START RECORDS TO PROCESS
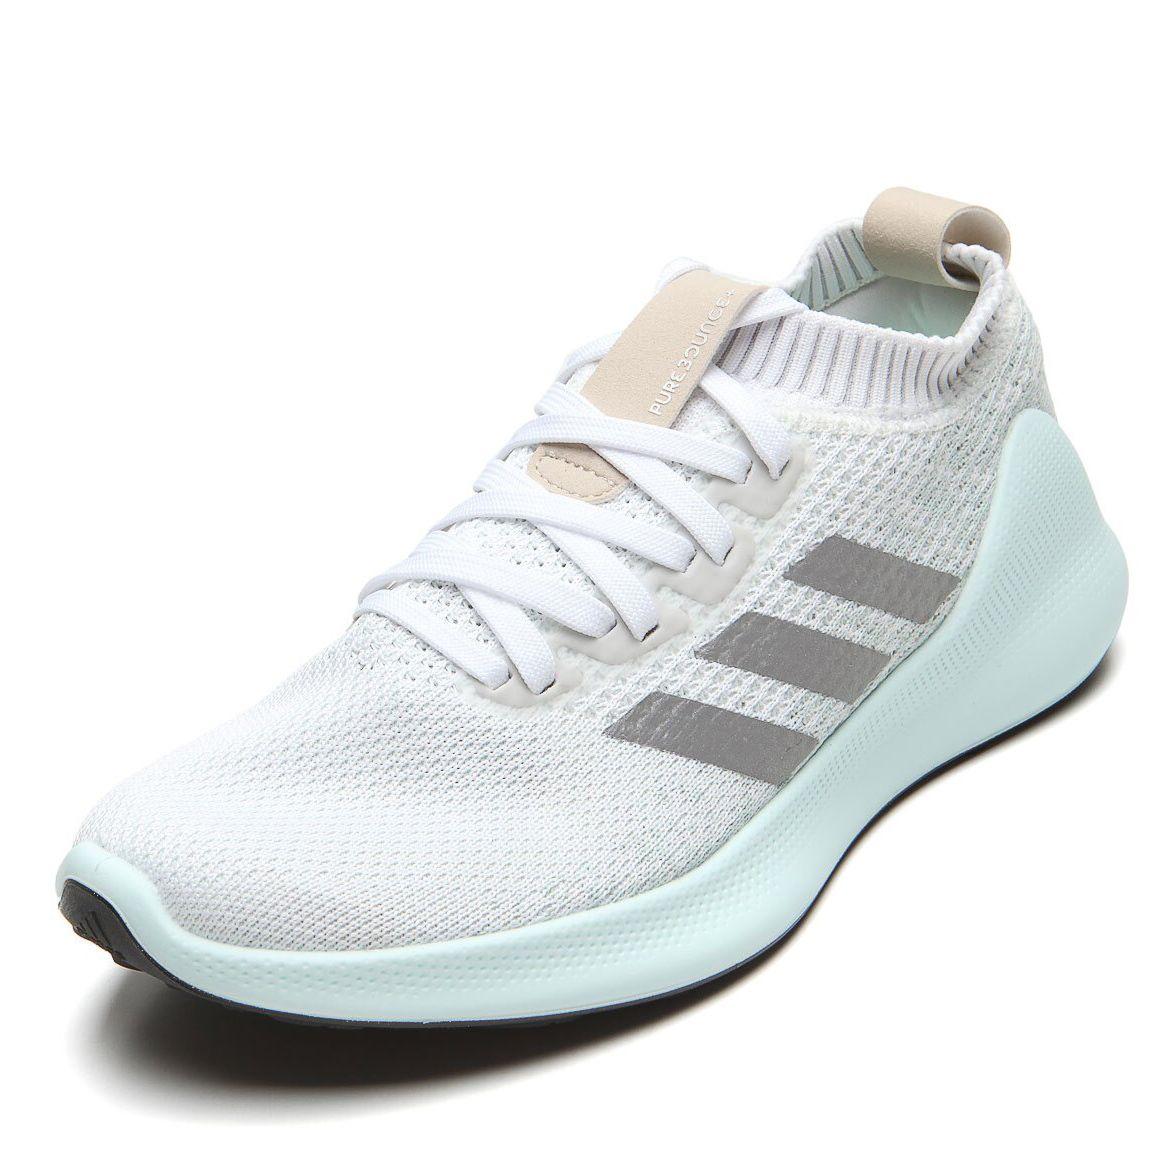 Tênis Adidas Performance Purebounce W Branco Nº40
END RECORDS TO PROCESS
START RECORDS TO PROCESS
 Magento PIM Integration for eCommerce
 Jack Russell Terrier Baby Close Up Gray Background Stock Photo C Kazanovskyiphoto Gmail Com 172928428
END RECORDS TO PROCESS
START RECORDS TO PROCESS
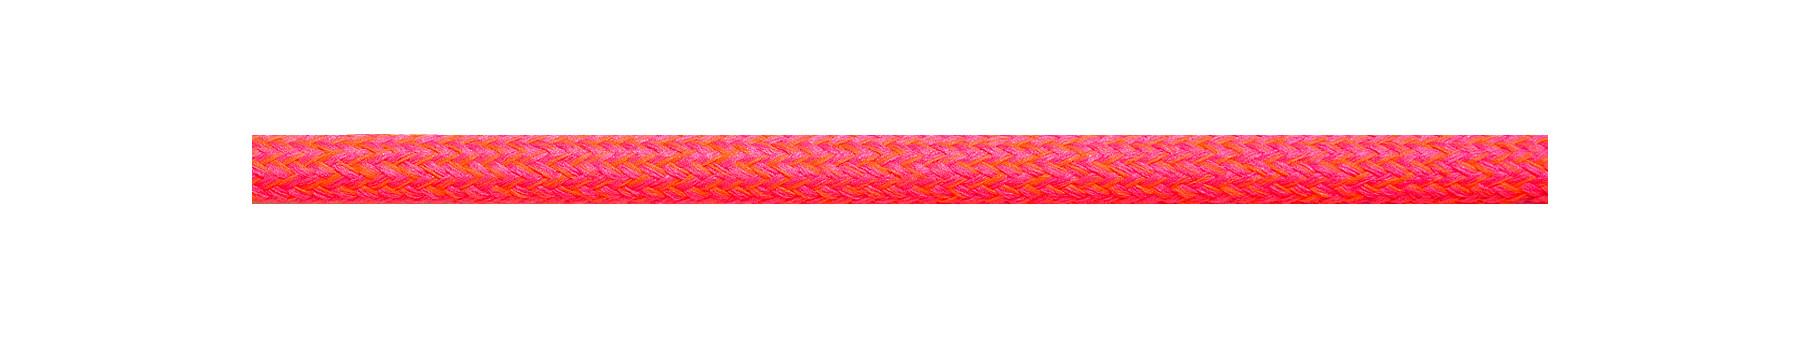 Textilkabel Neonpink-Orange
END RECORDS TO PROCESS
● **THE TASK**: Where the data above reaches the line holding "Magento PIM Integration for eCommerce", begin printing, and stop after the line holding "Jack Russell Terrier". Each line must be reproduced exactly, with nothing else added.

● **EXERCISE ANSWER**:
 Magento PIM Integration for eCommerce
 Jack Russell Terrier Baby Close Up Gray Background Stock Photo C Kazanovskyiphoto Gmail Com 172928428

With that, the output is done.